§ **EXERCISE DESCRIPTION**
Copy exactly, and copy nothing else: the line that contains "Botte in legno" and all lines after it in the listing, without pictures.

§ **STORED DATA**
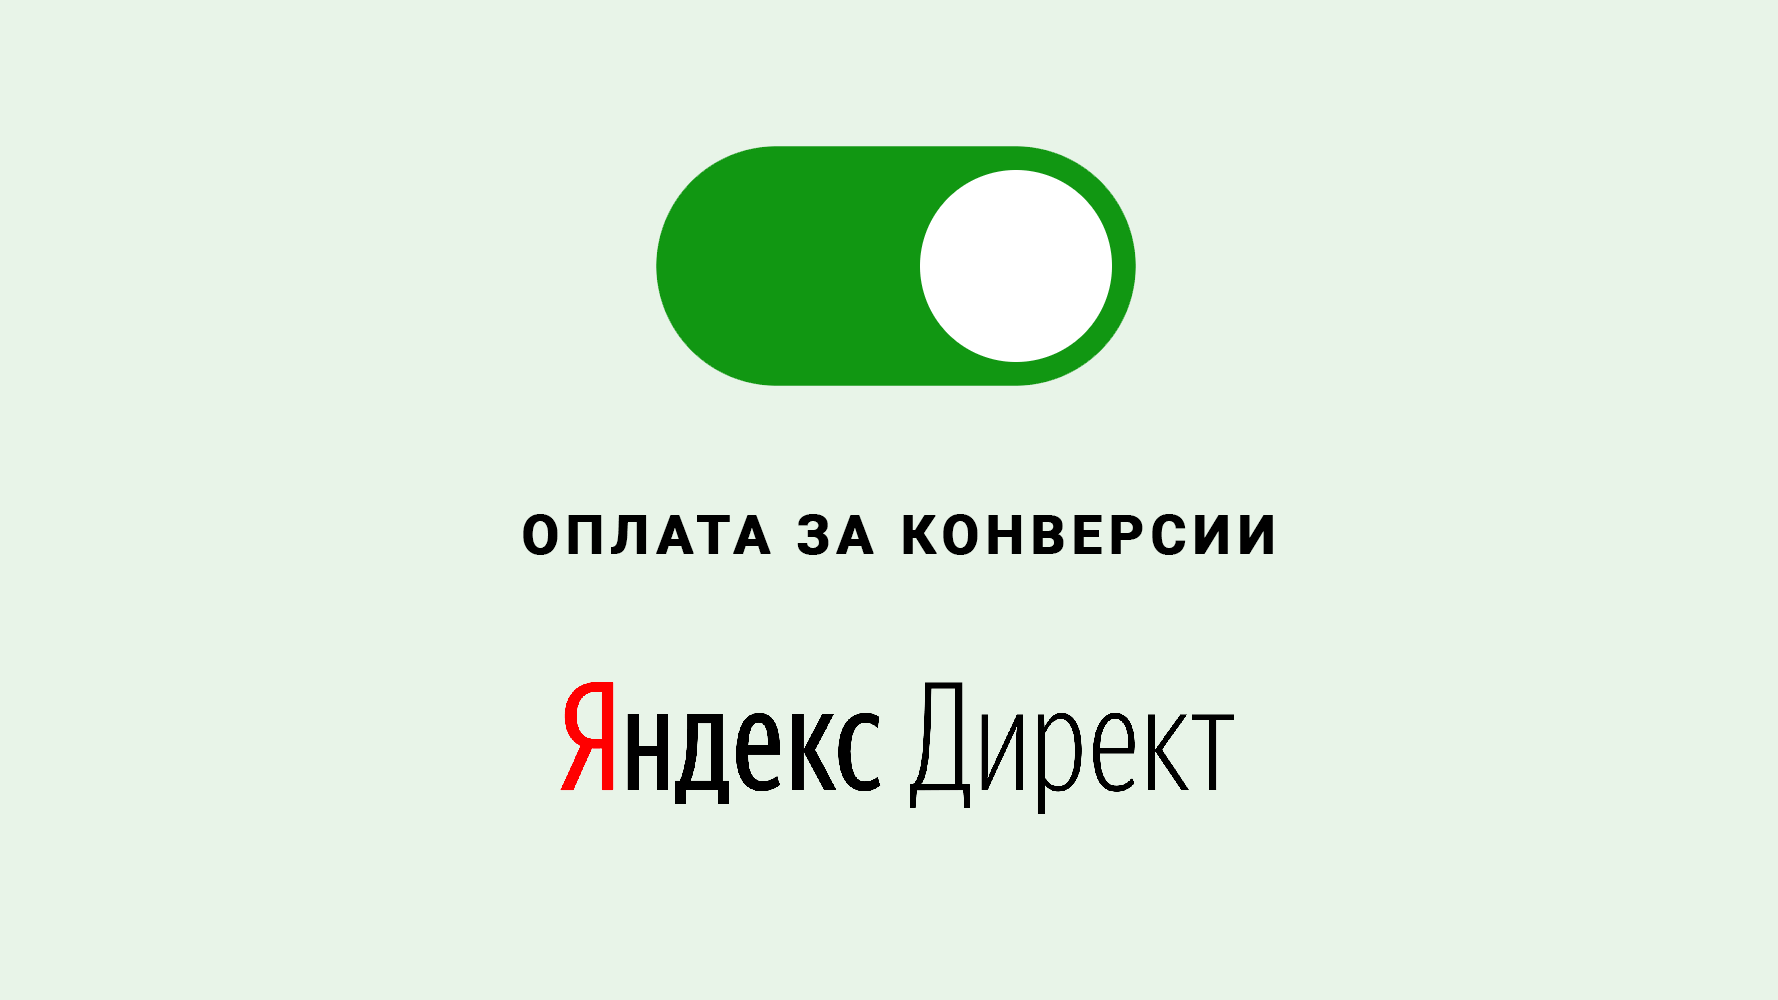 Яндекс Директ – оплата за конверсии, новая стратегия
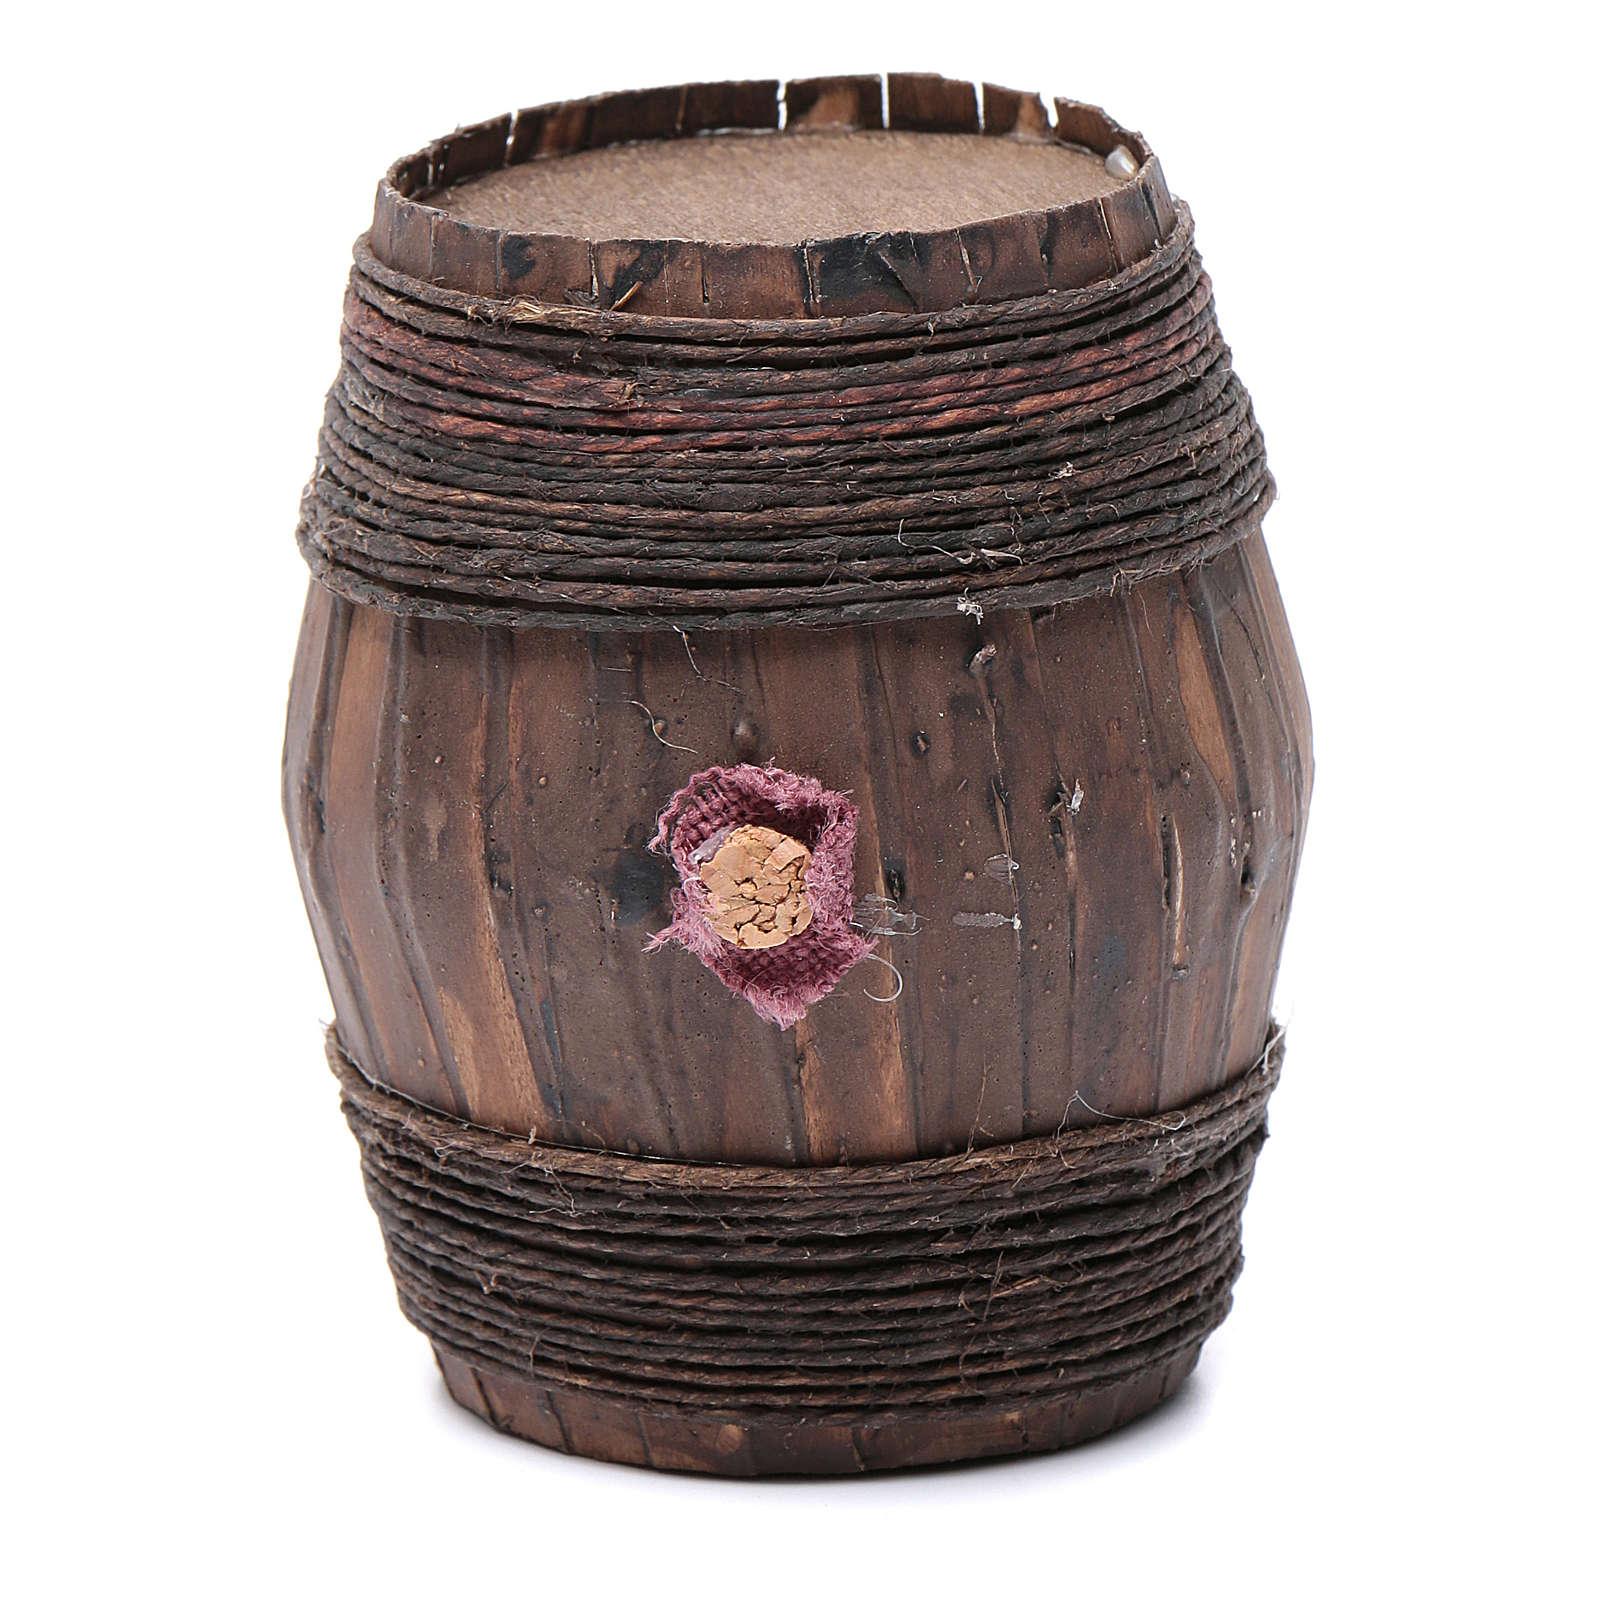 Botte in legno 10X6,5 cm per presepe napoletano 4
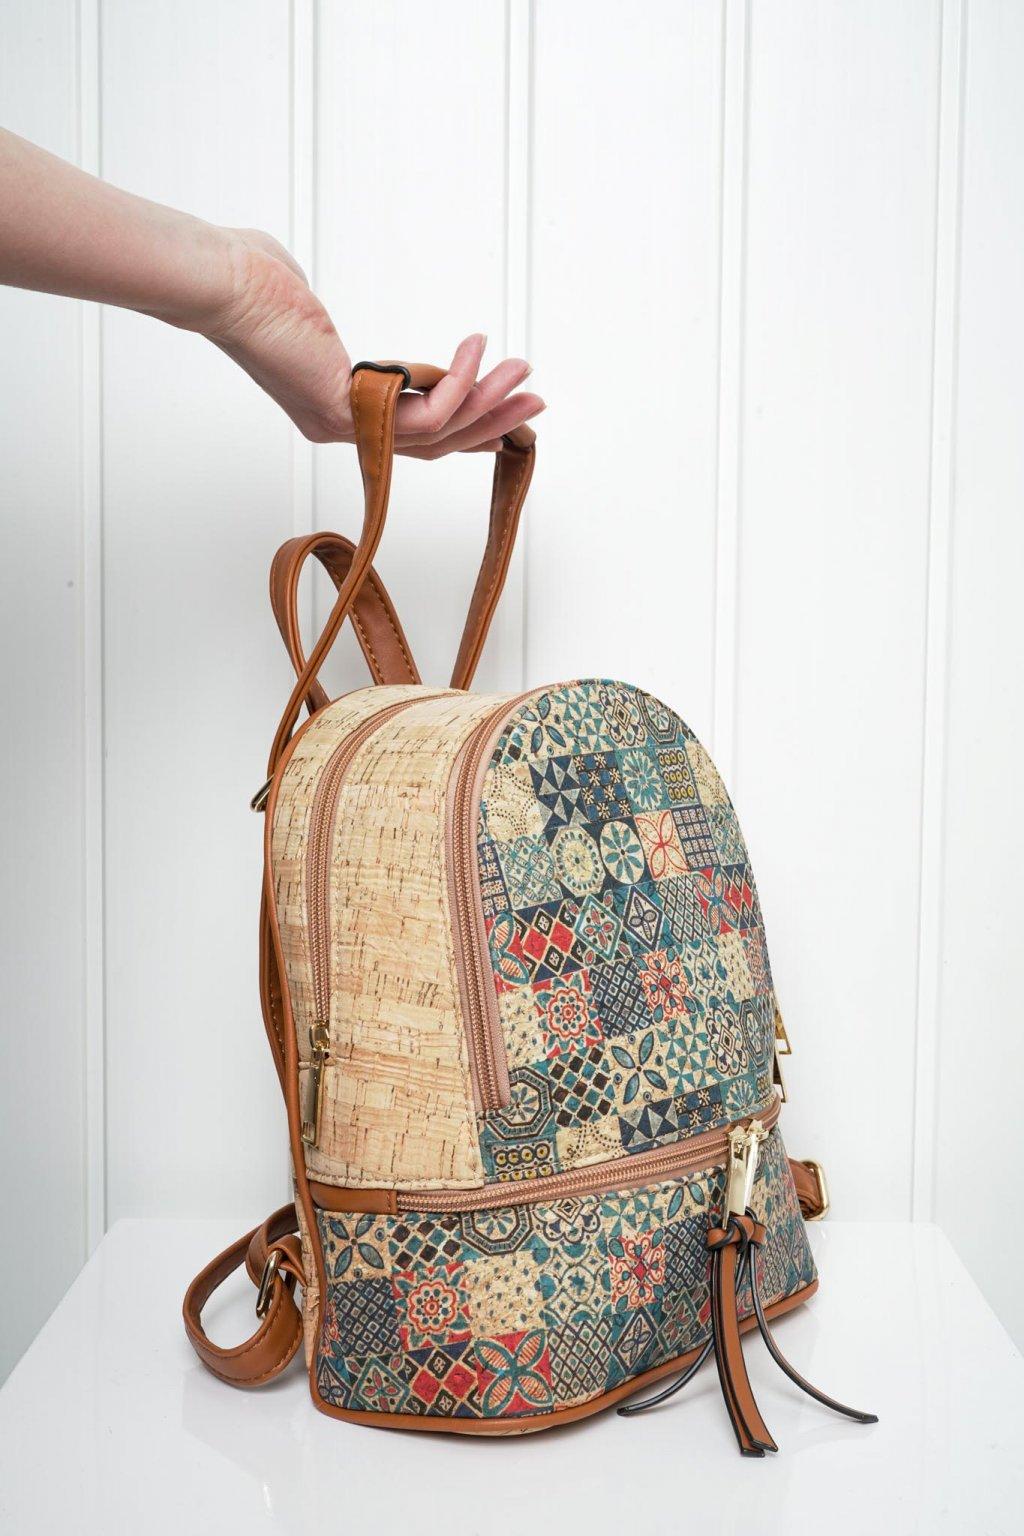 Kabelka, crossbody, ruksak, shopping bag, shopperka, 368

§ **RESPONSE TO THIS EXERCISE**
 Botte in legno 10X6,5 cm per presepe napoletano 4
 Kabelka, crossbody, ruksak, shopping bag, shopperka, 368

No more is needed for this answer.